I've gotten behind in my reading, but I did take a moment to read Judy's post. Something kept drawing me to it. I'm so glad that I did. How could I ever complain after reading that? What a lovely, caring, dear gift she is. Sure made me stop and think about a lot of things. Like Peter, I plan to re-read it over again and I am also going to print it out for my neighbor.
This afternoon, one of my girls and I went to my neighbors to clean for her. I wrote a few weeks back about her having stage 4 of cancer and how she has custody of her 10 year old granddaughter. (The little girl that stayed with me a few months back.) When I offered to clean for her a few weeks ago, she said she appreciated it, but really couldn't afford it. I explained to her that it was "my" gift to her. The past two times that we tried to go, we were unable to because she was so sick from her treatments. I was so glad we were able to go today! We were unable to clean everything like we normally do, because I had been unexpectedly tied up for over an hour on the phone. She was so appreciative that we did the "basic" cleaning. As I sat and watched her smoking, I wanted to grab one to smoke for whatever reason. I kept telling myself: "NO Sherri! You're just tired!" Then I'd argue with myself in my head as to "why" I "needed" just "1". All of a sudden a light went off in my brain and I realized I did NOT want just one. I did NOT want to suffer like I saw her suffering. Coughing as she inhaled.....holding her chest....her neck in so much pain she could hardly move....and hearing her remind herself not to have any pity parties because there are people way worse off than she is. She is a retired registered nurse and as kind as they come. I told her she made me feel guilty last Sunday as I watched her come home from church when I had "slept in". I think I might call her one Sunday and ask if she minds me riding with her. I bet she'd like that and I know that I would.
They have called hospice in for my other friend/neighbor that has COPD/Emphysema. She is a retired school teacher/social worker. A dear woman also. I have got to go see her soon. I called her few weeks ago and her children said she was too weak for visitors, but that they'd tell her I called.

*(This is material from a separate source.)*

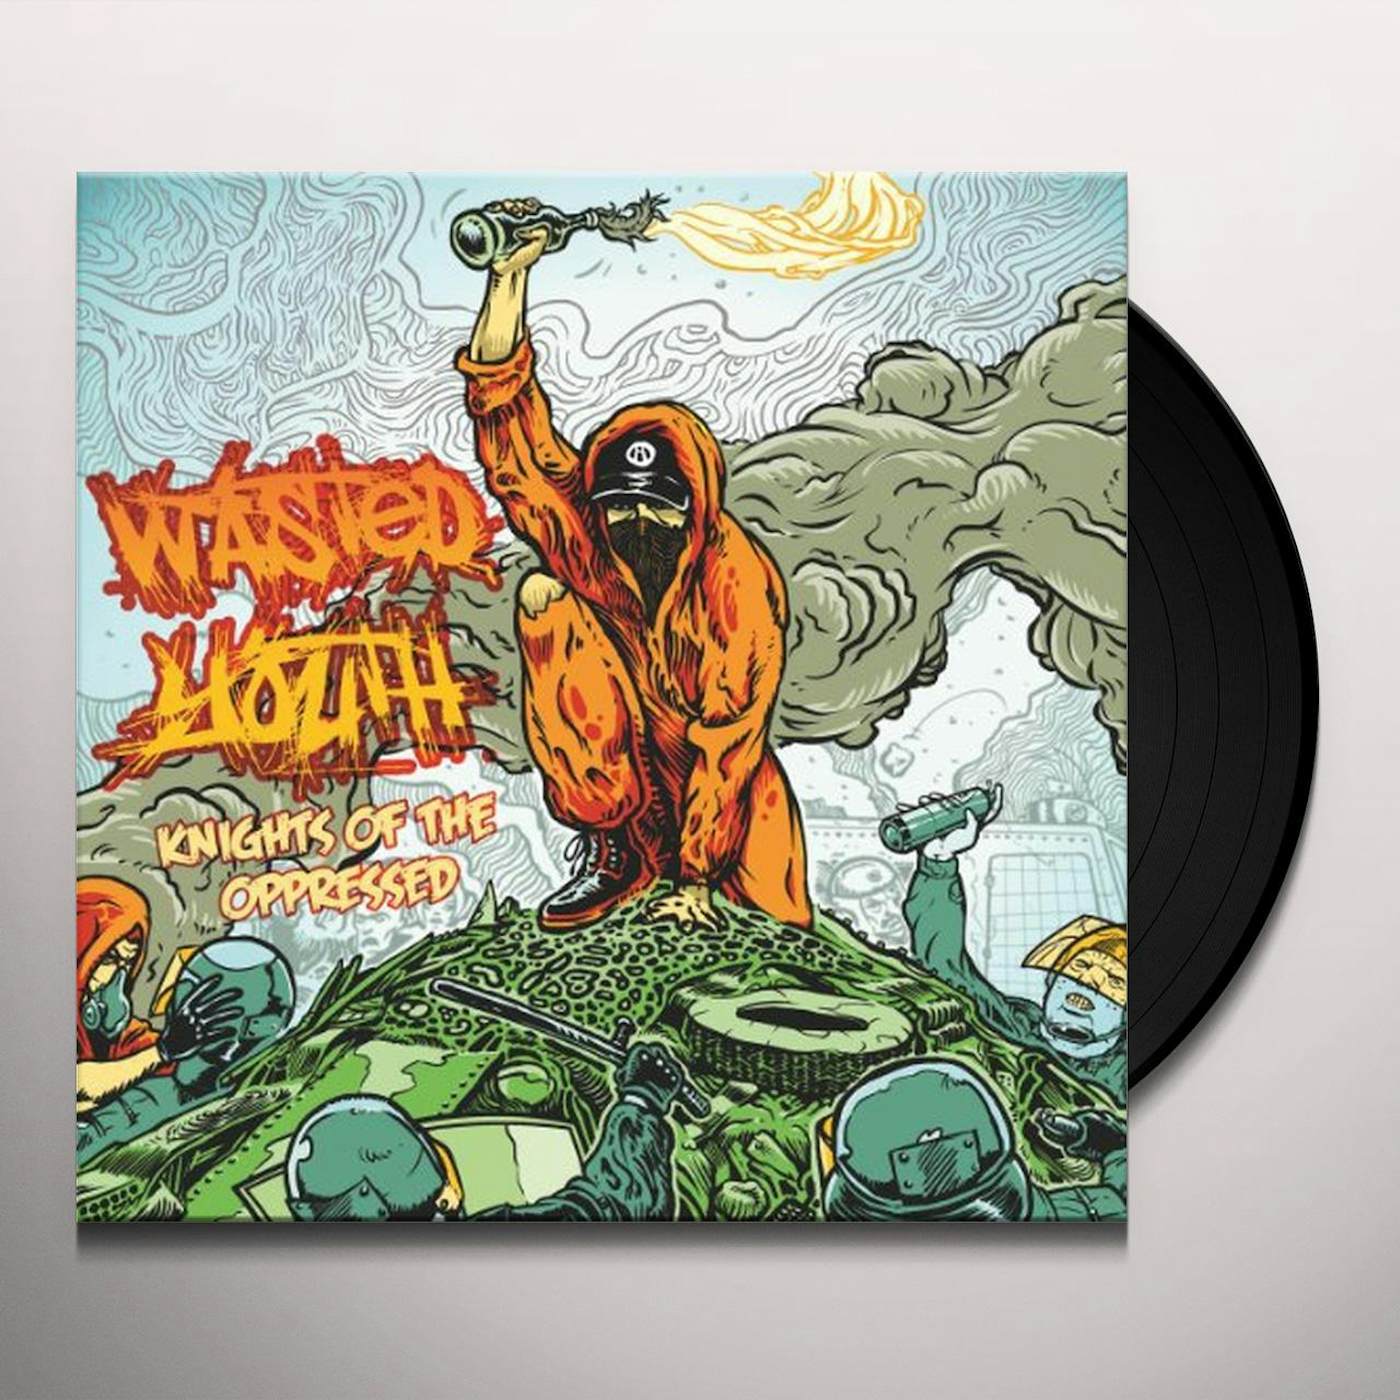 Wasted Youth Knights Of The Oppressed Vinyl Record

It makes me think back to Judy's post. Irregardless of how hard my life may be, I've lost the right to complain. Like my neighbor said today: "There's always someone else worse off than we are." It saddens me to see what smoking has done to these dear women and so many more!
I wish there were more that we could do. I wish there was a "magic pill" to share with the world of smokers to help them with their quit. Unfortunately, there isn't so I guess all we can do is pray. "Pray" for their will to quit and that they find the "strength" to hold out during each craving. Pray that they read a post like Judy's or meet someone like one of my neighbors and it somehow touch their lives. "Hope" that it happens before it's too late.......

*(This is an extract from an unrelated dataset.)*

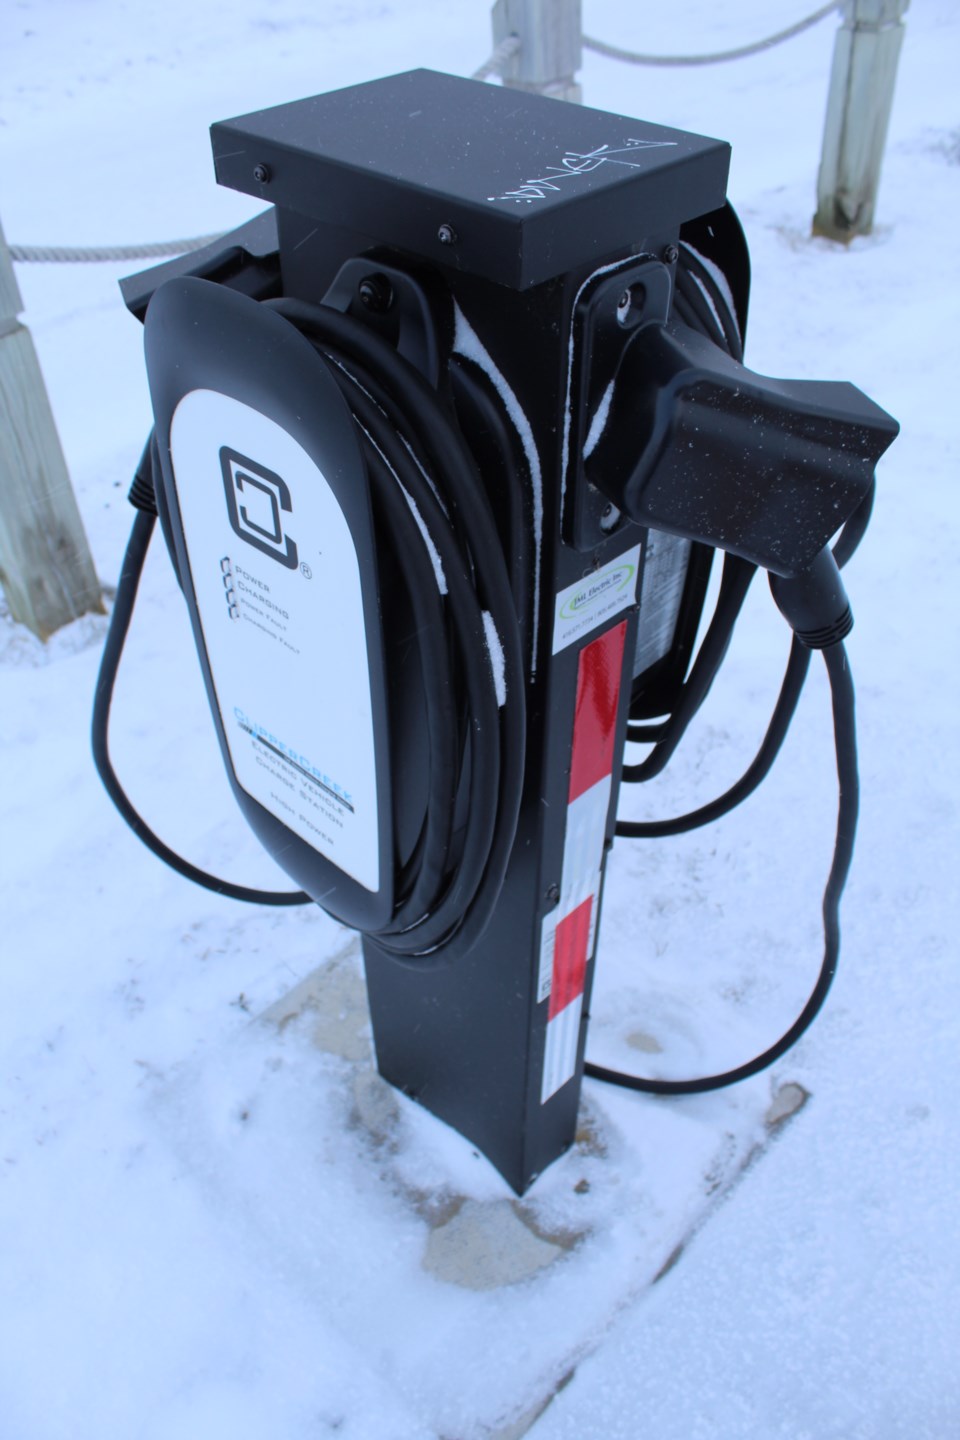 2020-01-08 Electric vehicle charger RB 2

I just realized today is my lunaversary. Awesome! Two years and three months. My sister is taking Jackie and I to pick up my car on Saturday. I hope I like it! I've only seen the pictures online. My brother helped me pick it out and he seems to like it. He's such a sweetheart. So much has happened since my last post, but I'll save that for later.
Have a great day everyone! Remember......no one puff ever! "WE" can do this if we "believe" in ourselves!